The distress and decline of high poverty areas do not remain confined to the central city, but gradually spread out to affect suburban areas as well. Older suburbs-and even some "edge cities"--increasingly find themselves in competition with newer areas of development that can attract more affluent families, retail centers, and jobs. To illustrate: Lakewood, Ohio, Cleveland's oldest suburb, declined in population from 70,000 in 1980 to 60,000 in 1990. Today, nearly ten percent of its residents receive welfare assistance of some kind, and the community is experiencing an increase in teen pregnancies and juvenile crime. Older residents, opposed to increases in property tax rates, have voted down tax levies for the local public schools four times since 1993, resulting in an anticipated million-dollar deficit for the 1995-96 school year.22

Central city decline is also a problem for us all because it can paralyze metropolitan growth and development.23 Streets full of potholes, boarded-up buildings, failing public services, poorly educated workers, homeless people camped out in public parks, and high crime rates all damage the image and economic viability of a central city and, by extension, the entire metropolitan region. These problems translate into high costs and risks in the minds of business managers looking for places to locate, and the flow of new capital slows to a trickle.

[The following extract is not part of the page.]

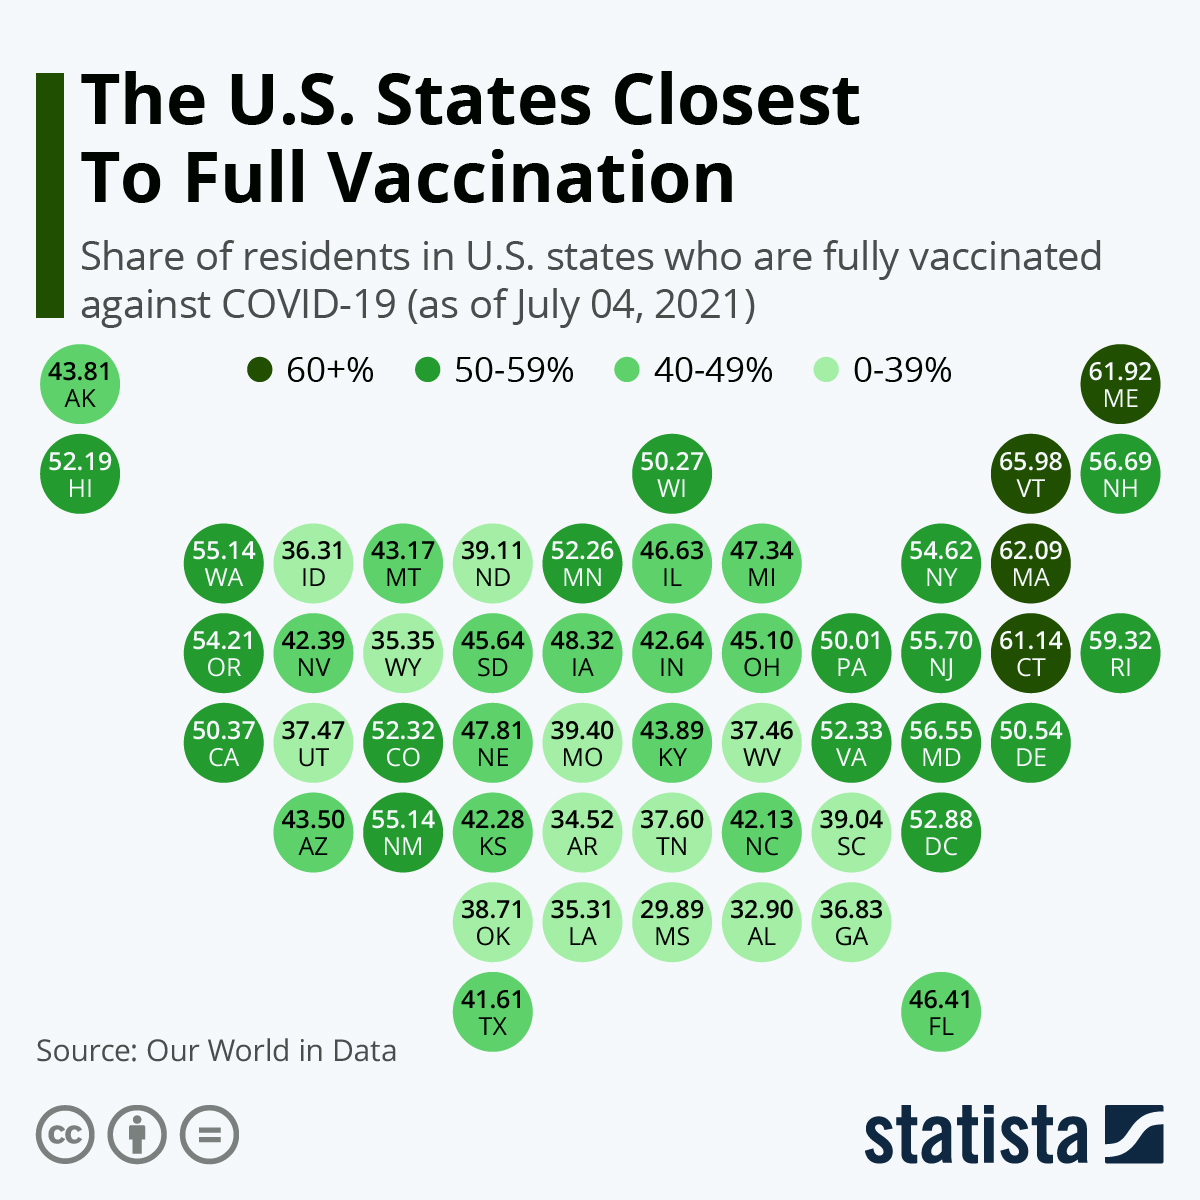 The US States Closest to Full Vaccination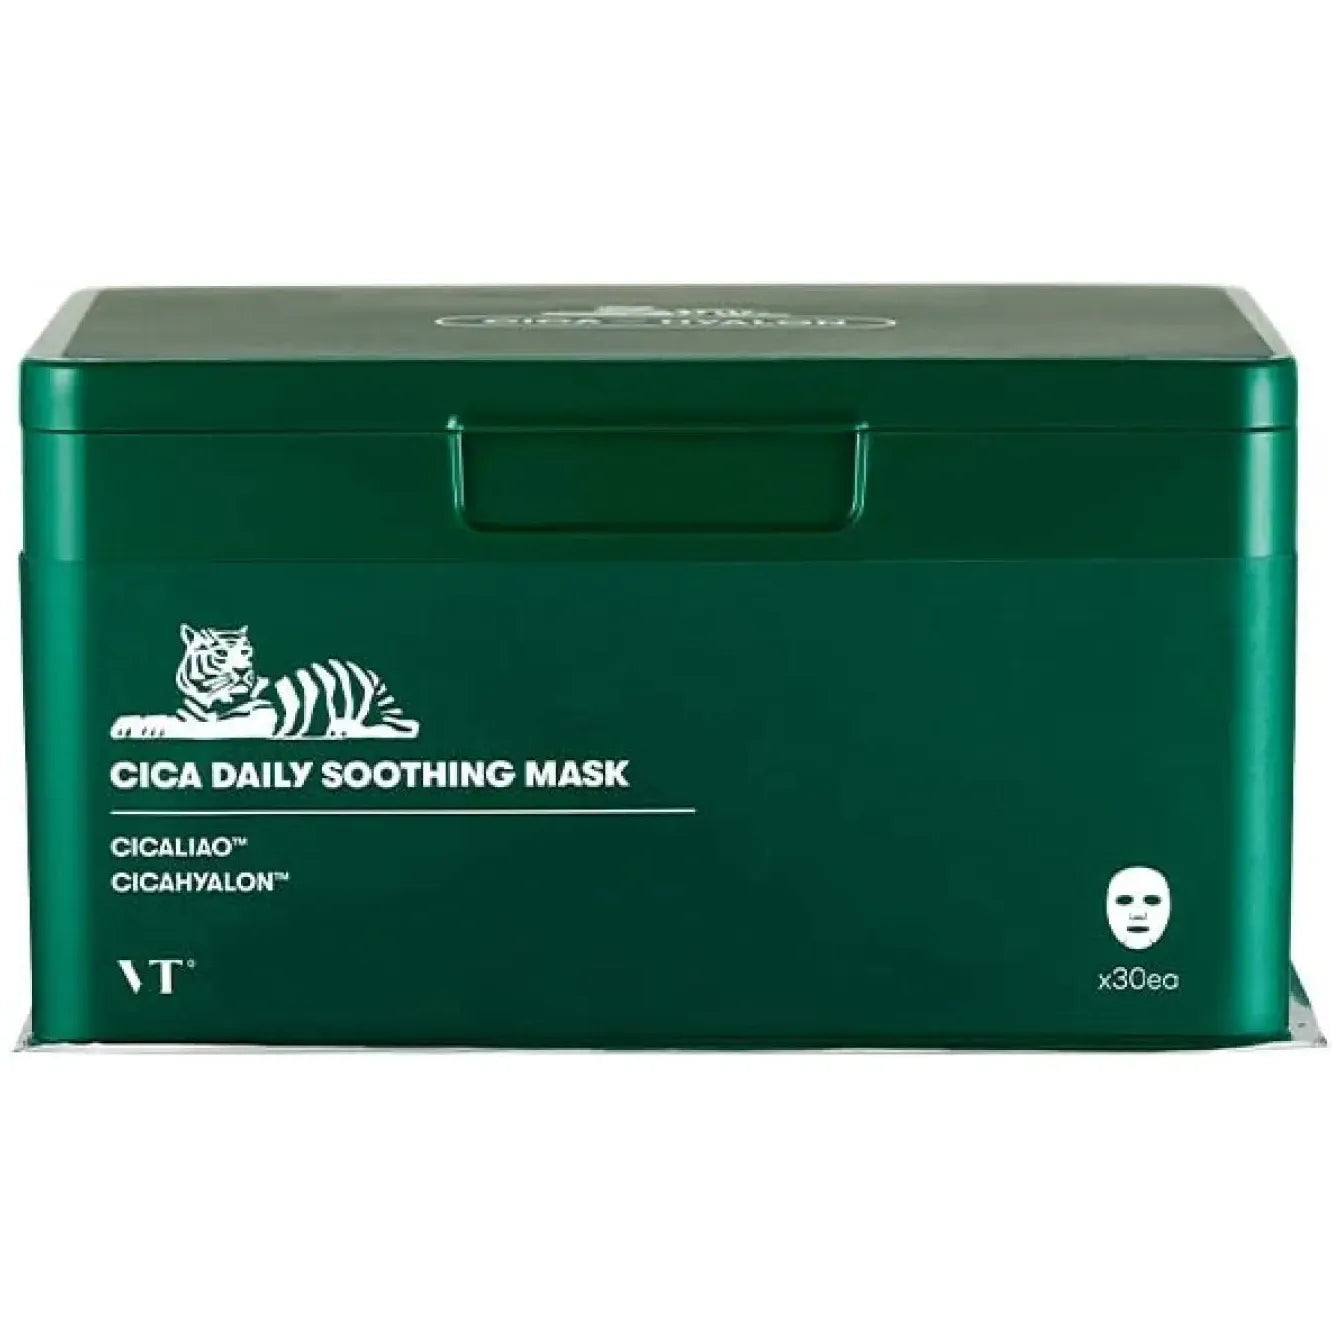 [VT COSMETICS] Cica Daily Soothing Mask 30ea / (30 sheets) [Parallel imports] - Face

To thrive, metropolitan regions need economically vital central cities. Despite the increasing trend toward decentralization of many types of business and employment, clusters of highly skilled labor and valueadded firms are still critical to knowledge-based producer services, such as market and financial analysts, strategic planners, lawyers, marketing specialists, high-level accountants, and computer systems designers. Metropolitan economies increasingly depend upon such clusters of economic activity if they are to thrive in the new economy. This is the important competitive advantage that central cities must exploit.24

Communication and transactions costs are minimized in these clusters of knowledge-intensive firms and workers. Proximity is critically important to the success of activities where keeping up with the most recent developments in the field is essential, and where interpersonal transactions are intense. At the highest levels, these activities demand opportunities for the frequent face-to-face interaction among knowledgeable people that proximity affords. Wall Street and Silicon Valley both provide good examples of how the spatial concentration of workers in a particular field facilitates the flow of information and may lead to important leaps forward in knowledge and productivity. Cutting-edge ideas are generated and transmitted most effectively when people with different types of expertise have rapid and easy access to one another.25

Spatial concentration also facilitates technical specialization. Every suburban office park cannot support an expert on the legal complexities of doing business in China, for example. But every large metropolitan region probably needs at least one such expert, and downtown is normally the most efficient place for such expertise to be located. Analysis of business transactions in New York, Los Angeles, and Chicago confirms that both central-city and suburban firms rely overwhelmingly on central-city providers of specialized business services such as investment banking and legal counsel.26

Considerable research now documents strong statistical relationships between metropolitan economic performance and city-suburban disparities.27 For example, data on 56 large metropolitan regions show a strong correlation between metropolitan-wide employment growth and the ratio of central-city to suburban income. More specifically, employment grew most where income disparities were lowest.28 Although the evidence of a causal connection is not yet conclusive, there are strong reasons to believe that the social and fiscal distress of high-poverty central cities impedes the growth of the specialized producer service activities that drive metropolitan economies.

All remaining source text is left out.